# taz.de -- Alien-Disko-Festival in München: Keine Sub- ohne Hochkultur
       
       > Musik zur Zeit wie etwa Machismo-freier Dada-Pop. Mitglieder von The
       > Notwist kuratieren das Alien-Disko-Festival in den Kammerspielen München.
       
 (IMG) Bild: Die Tenniscoats aus Japan kuratierten das Festival mit – und spielten obendrein
       
       Für das subkulturell chronisch unterversorgte München ist das
       Alien-Disko-Festival in den Kammerspielen ein Segen. Denn hier spielen an
       zwei Abenden Bands, die in dieser Stadt sonst nicht veranstaltet würden.
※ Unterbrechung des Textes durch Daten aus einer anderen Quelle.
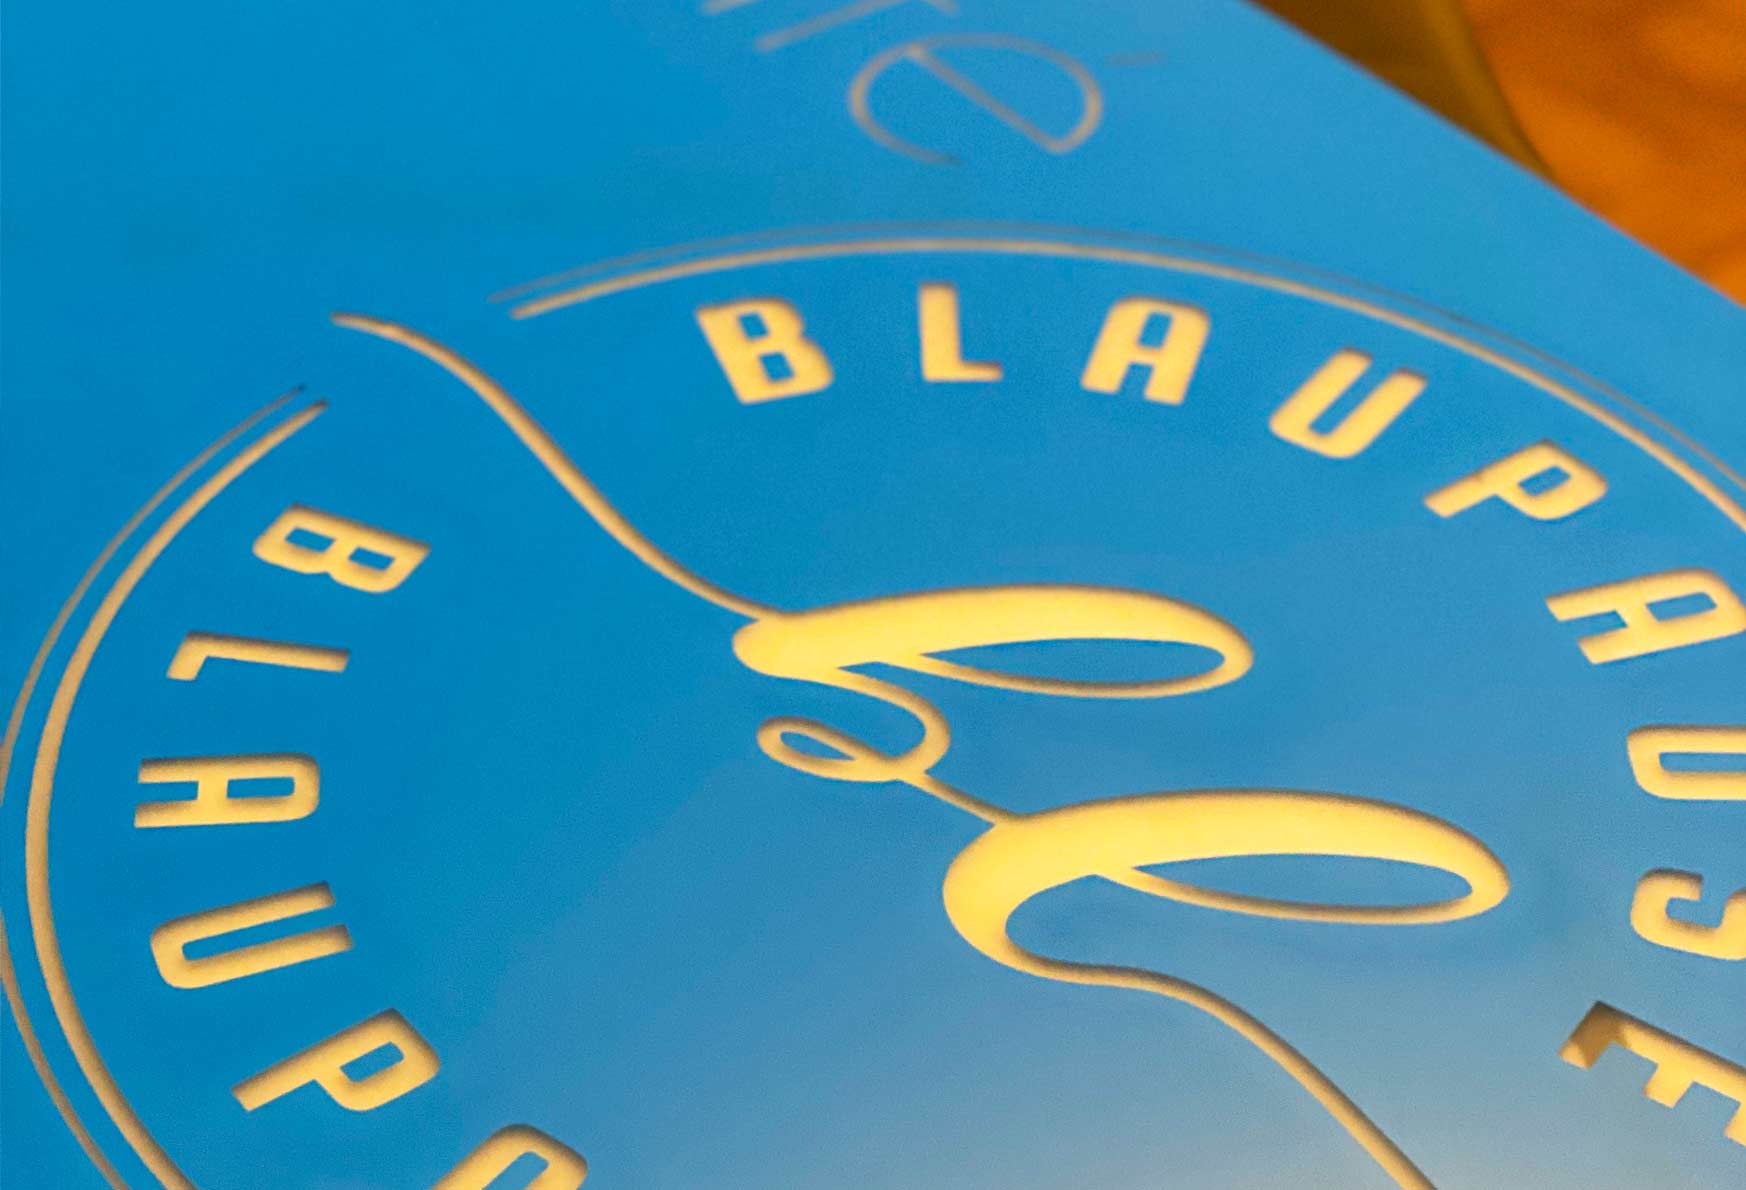 Nahaufnahme eines blauen, folierten Schildes, das in einem Kreis die Buchstaben 'Blaupause' und ein geschwungenes Logo erkennen lässt.

       Auch die dritte Ausgabe seit 2016 wurde wieder von den Mitgliedern von The
       Notwist kuratiert, diesmal allerdings ergänzt durch Saya und Takeshi Ueno,
       also den Tenniscoats aus Japan, was dazu führte, dass das bestens besuchte
       Festival den Noise-Gitarristen Otomo Yoshihide, den
       Klangmaschinen-Experimentator Umeda Tetsuya oder die um eine Brass-Band
       erweiterten Tenniscoats selbst zu sehen bekam.
       
       Das Festival lebt auch von dem Gedanken, keinen regelrechten Headliner zu
       präsentieren, sondern die beteiligten Künstler gleichberechtigt
       aufzulisten, von der neu gegründeten Münchner Dilettanten-Band Moon not War
       bis zum schottischen Folk-Jazz-Schwergewicht Bill Wells. Dennoch gab es an
       beiden Tagen erkennbare Haupt-Acts, die zur besten Zeit auf der größten
       Bühne standen.
       
       Am Freitag waren das die in Bestbesetzung reformierten Palais Schaumburg.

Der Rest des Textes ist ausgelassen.